The rule will require impacted payers to implement a standards-based Patient Access Application Programming Interface (API) and information about certain prior authorizations to the data available via that Patient Access API. CMS believes that the rule changes will improve patients’ understanding of their payer’s prior authorization process and its impact on their care. The rule also will require impacted payers to implement and maintain a Provider Access API to share patient data with the patient’s in-network providers, and to make the following data must be made available via the Provider Access API: Individual claims and encounter data (excluding provider remittances and enrollee cost-sharing information); data classes and data elements in the United States Core Data for Interoperability (USCDI); and prior authorization information (excluding those for drugs).

The rule will also require impacted payers to maintain an attribution process to associate patients with their in-network or enrolled providers and to allow patients to opt out of having their data available to providers. The Final Rule will require impacted payers to provide patients with plain language information about the benefits of API data exchange with their providers and their ability to opt out.

In addition, the rule will require impacted payers to implement and maintain a Payer-to-Payer API to make available claims and encounter data, data classes and data elements in the USCDI data set, and information about certain prior authorizations. According to CMS, this will help improve care continuity when a patient changes payers. Impacted payers will be required to provide patients with plain language information about the benefits of Payer-to-Payer API data exchange and their ability to opt in.

Regarding prior authorization timelines, impacted payers must send prior authorization decisions within 72 hours of receipt for expedited requests and seven calendar days for standard requests. Additionally, beginning in 2026, impacted payers must provide a specific reason for denied prior authorization decisions via portal, fax, email, mail, or phone. This requirement does not apply to prior authorization decisions for drugs. According to CMS, this requirement is intended to facilitate communication and transparency between payers, providers, and patients, and to improve providers’ ability to resubmit prior authorization requests.

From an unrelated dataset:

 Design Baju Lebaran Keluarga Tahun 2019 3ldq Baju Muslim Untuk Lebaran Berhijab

Impacted payers must also publicly report certain prior authorization metrics annually by posting them on their website. CMS is finalizing these policies with a compliance date starting January 1, 2026, and the initial set of metrics must be reported by March 31, 2026.

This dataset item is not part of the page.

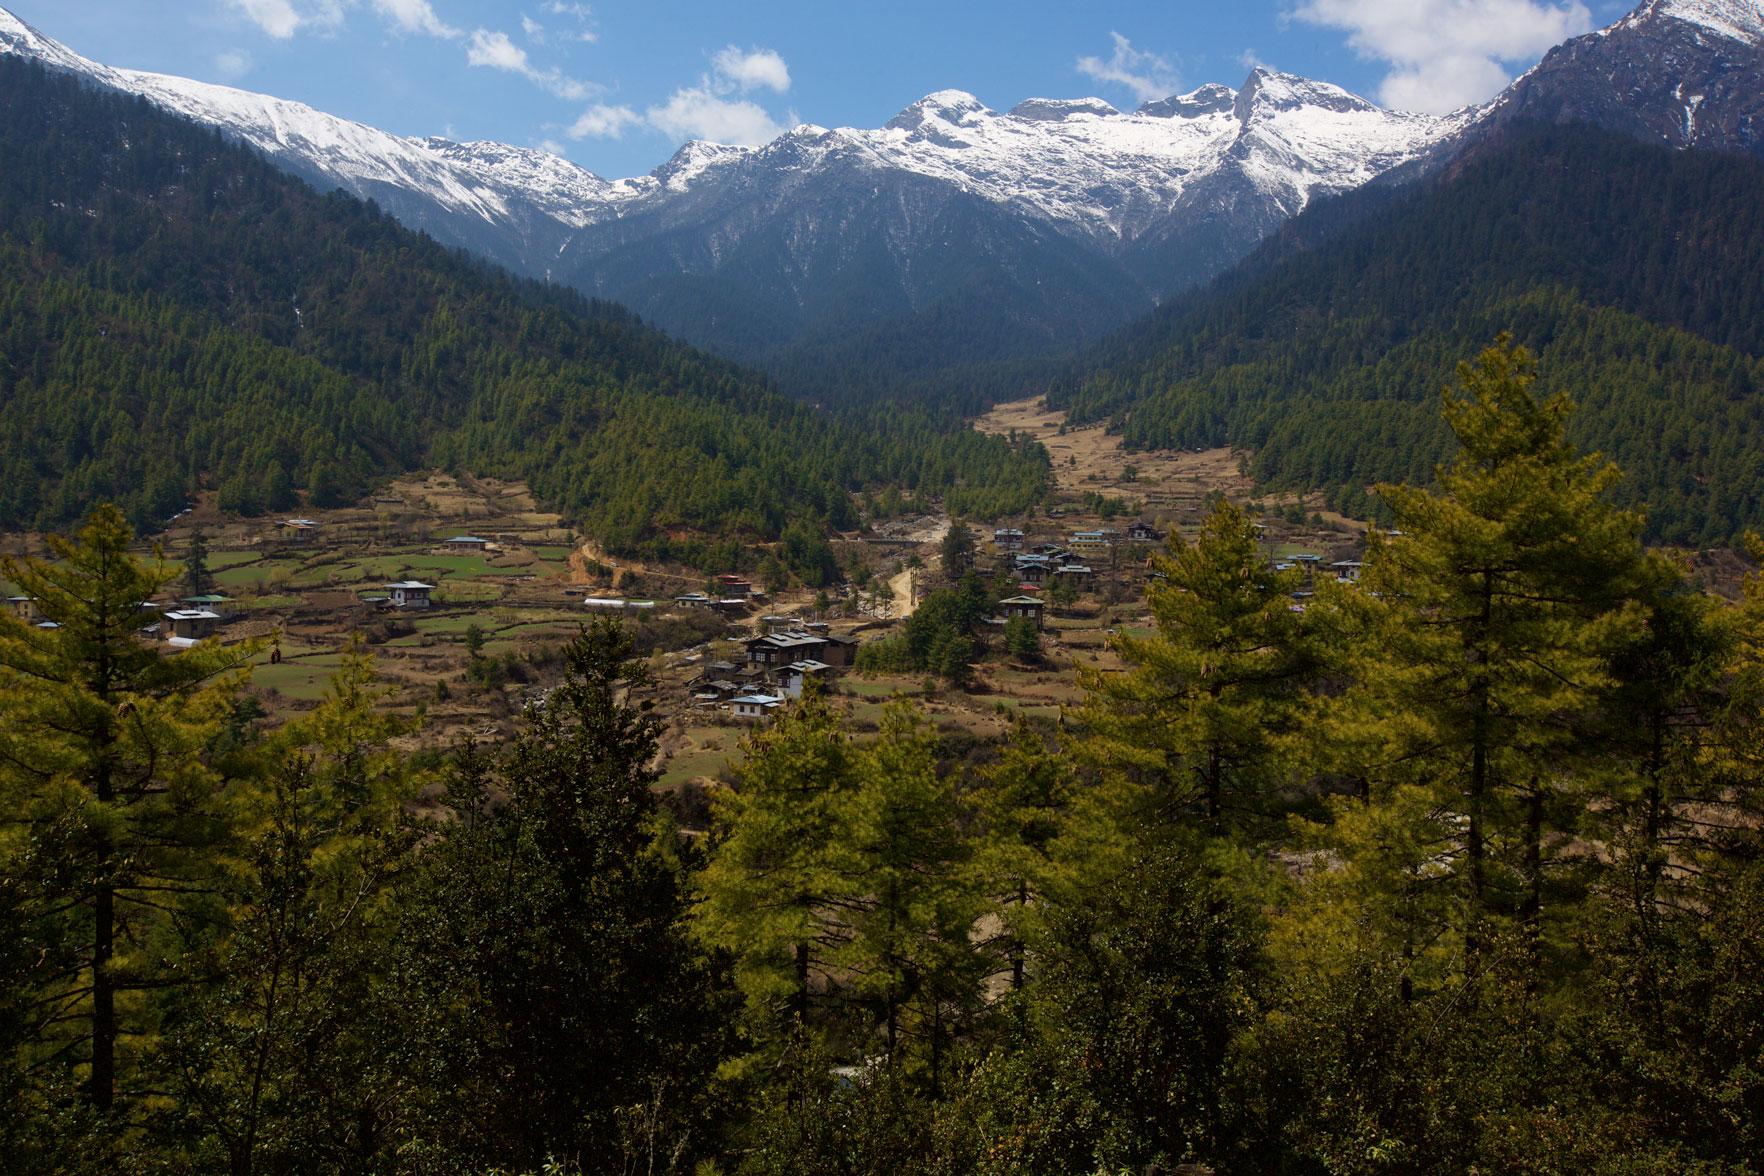 BTN_Sagala-Mountain-pass-trek-and-camp-©17-Thomas-Baechtold-468.jpg

The rule will add a new measure (Electronic Prior Authorization) to the Health Information Exchange (HIE) objective for the MIPS Promoting Interoperability performance category and the Medicare Promoting Interoperability Program. MIPS eligible clinicians will report the Electronic Prior Authorization measure by attestation beginning with the Calendar Year 2027 performance period/CY 2029 MIPS payment year, and eligible hospitals and CAHs will be required to report the measure beginning with the CY 2027 EHR reporting period.

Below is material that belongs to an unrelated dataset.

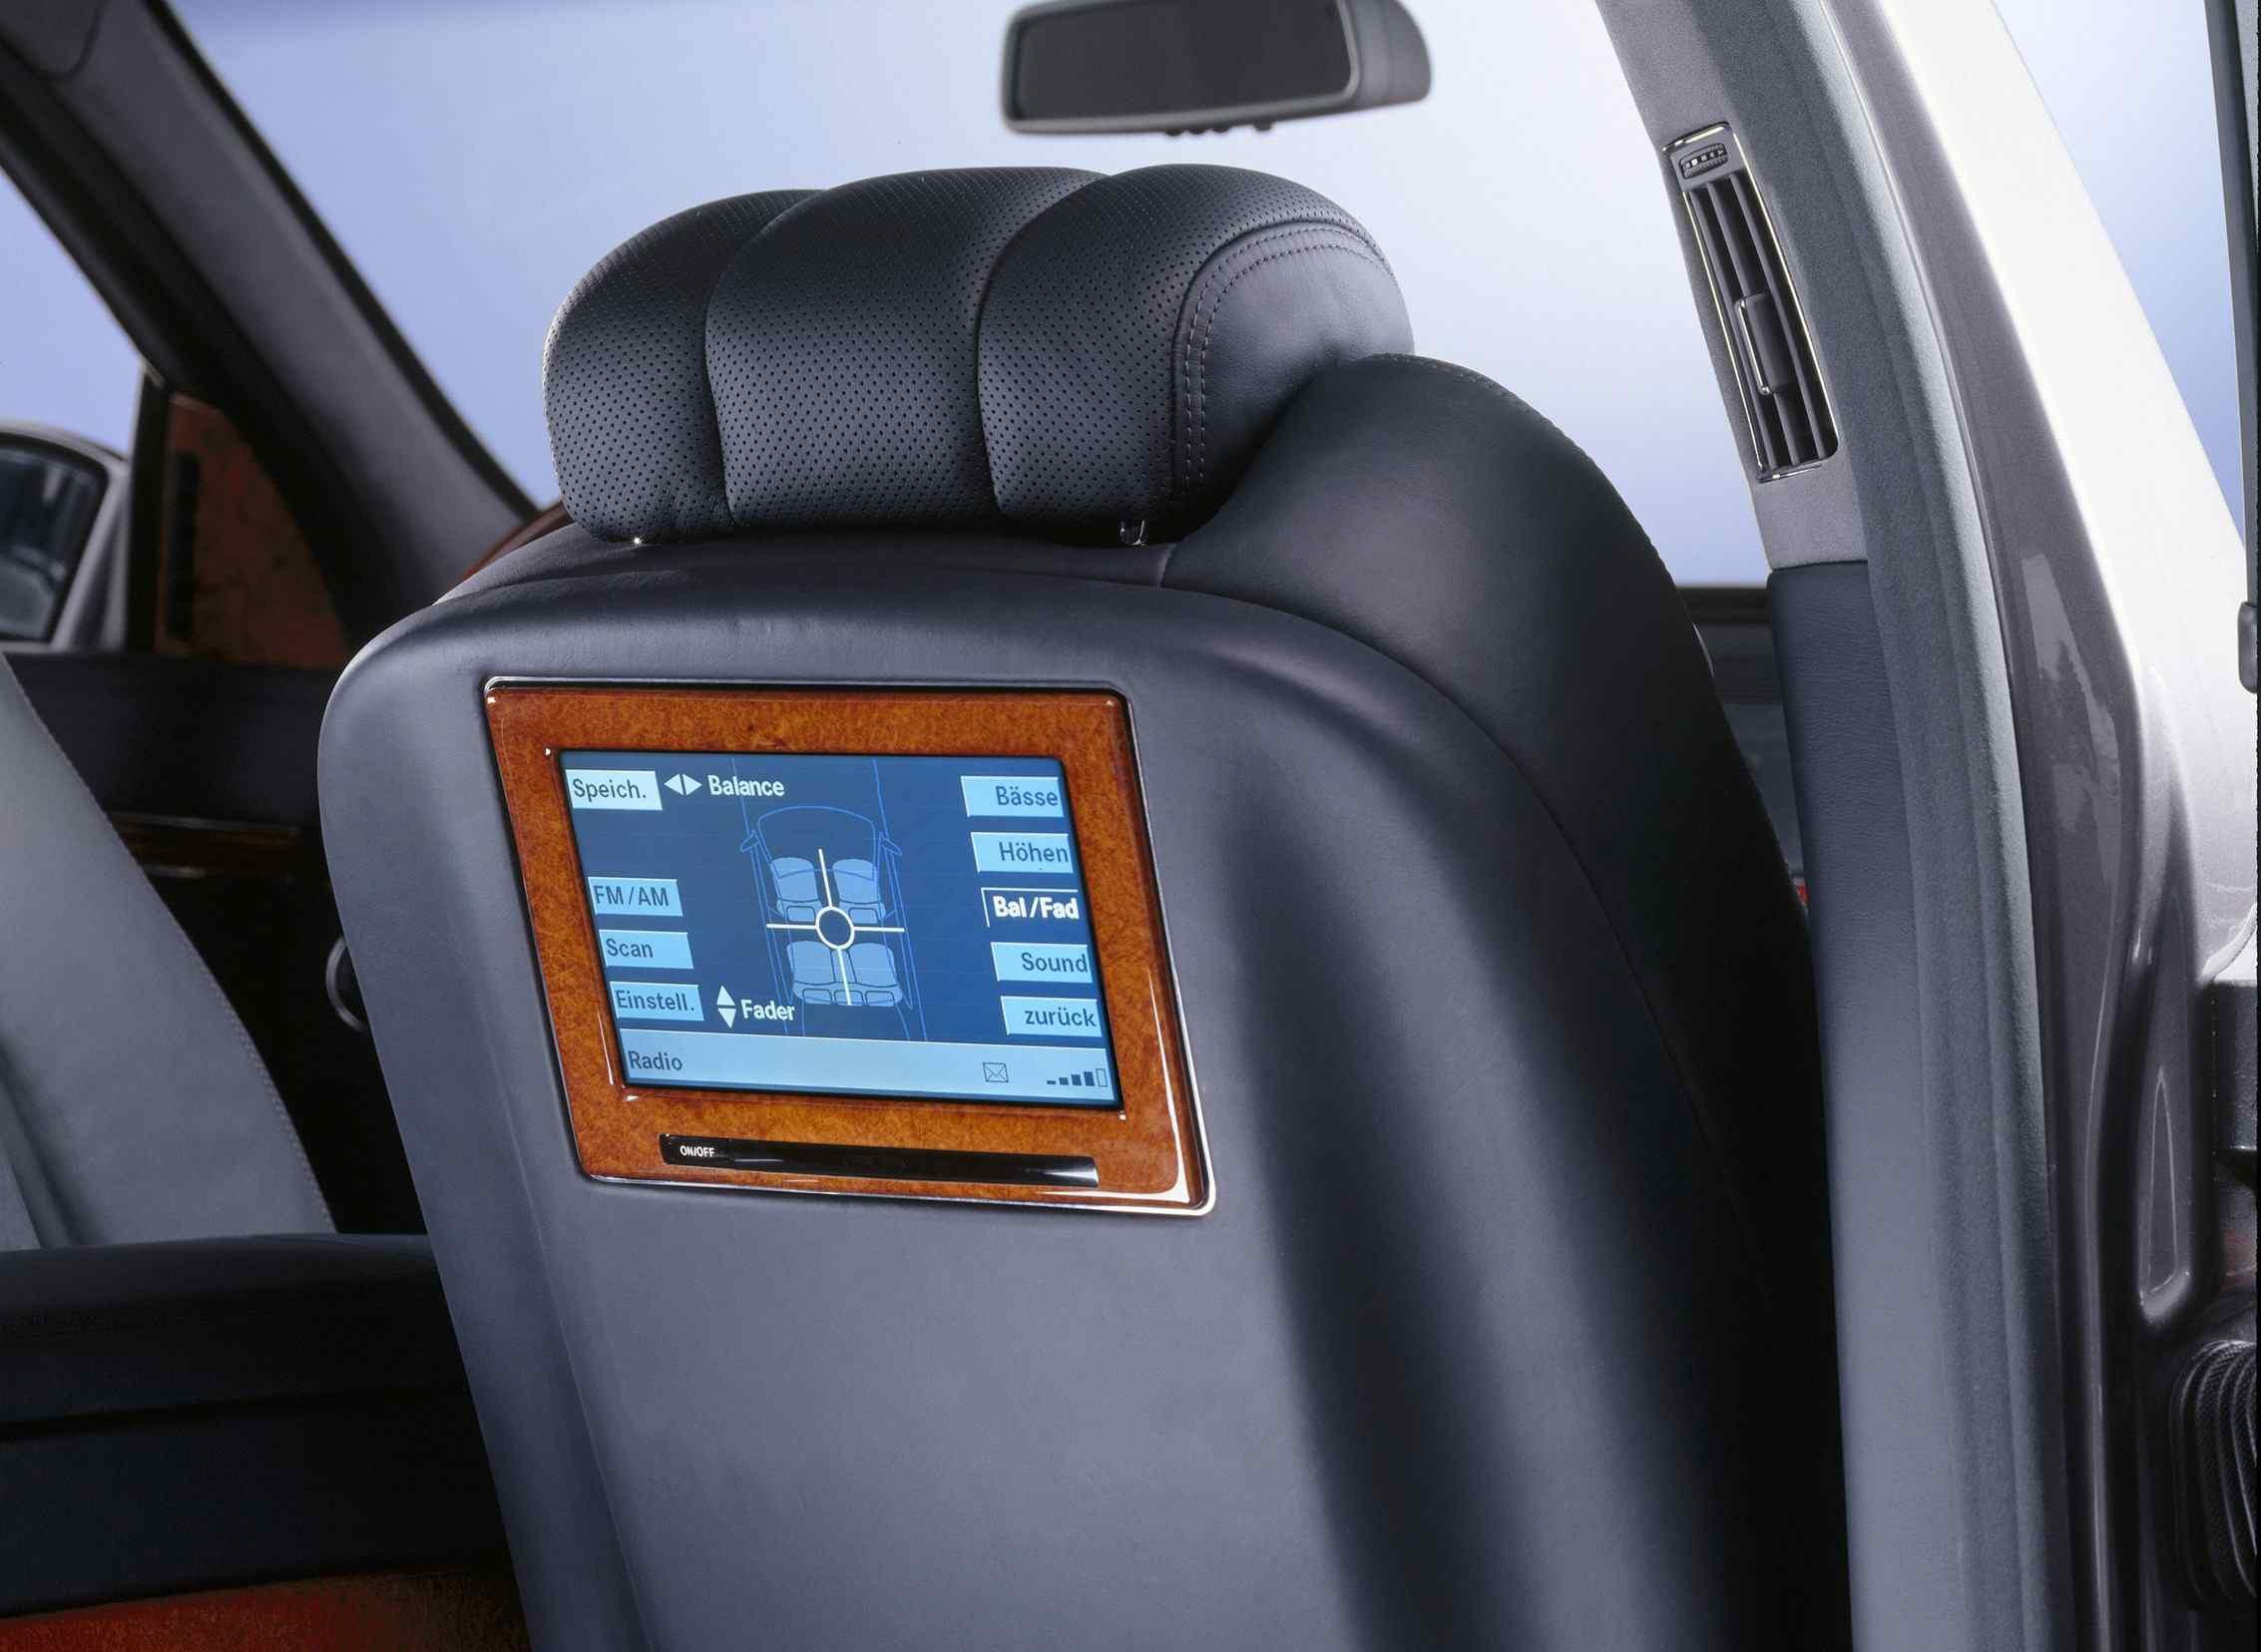 Car seat screen

Notably, this rule does not apply to drugs, only medical items and services. Providers have been pushing the administration to address prior authorization of drugs. But CMS decided not to because standards and technical systems can differ depending on whether drugs are administered in a physician’s office or a hospital or picked up at a pharmacy. The decision to exclude drugs from the latest prior authorization revamp means other new protections, like standards around electronic information-sharing and reporting, will not apply to cancer drugs and other kinds of specialty care that patients receive in a doctor’s office or hospital.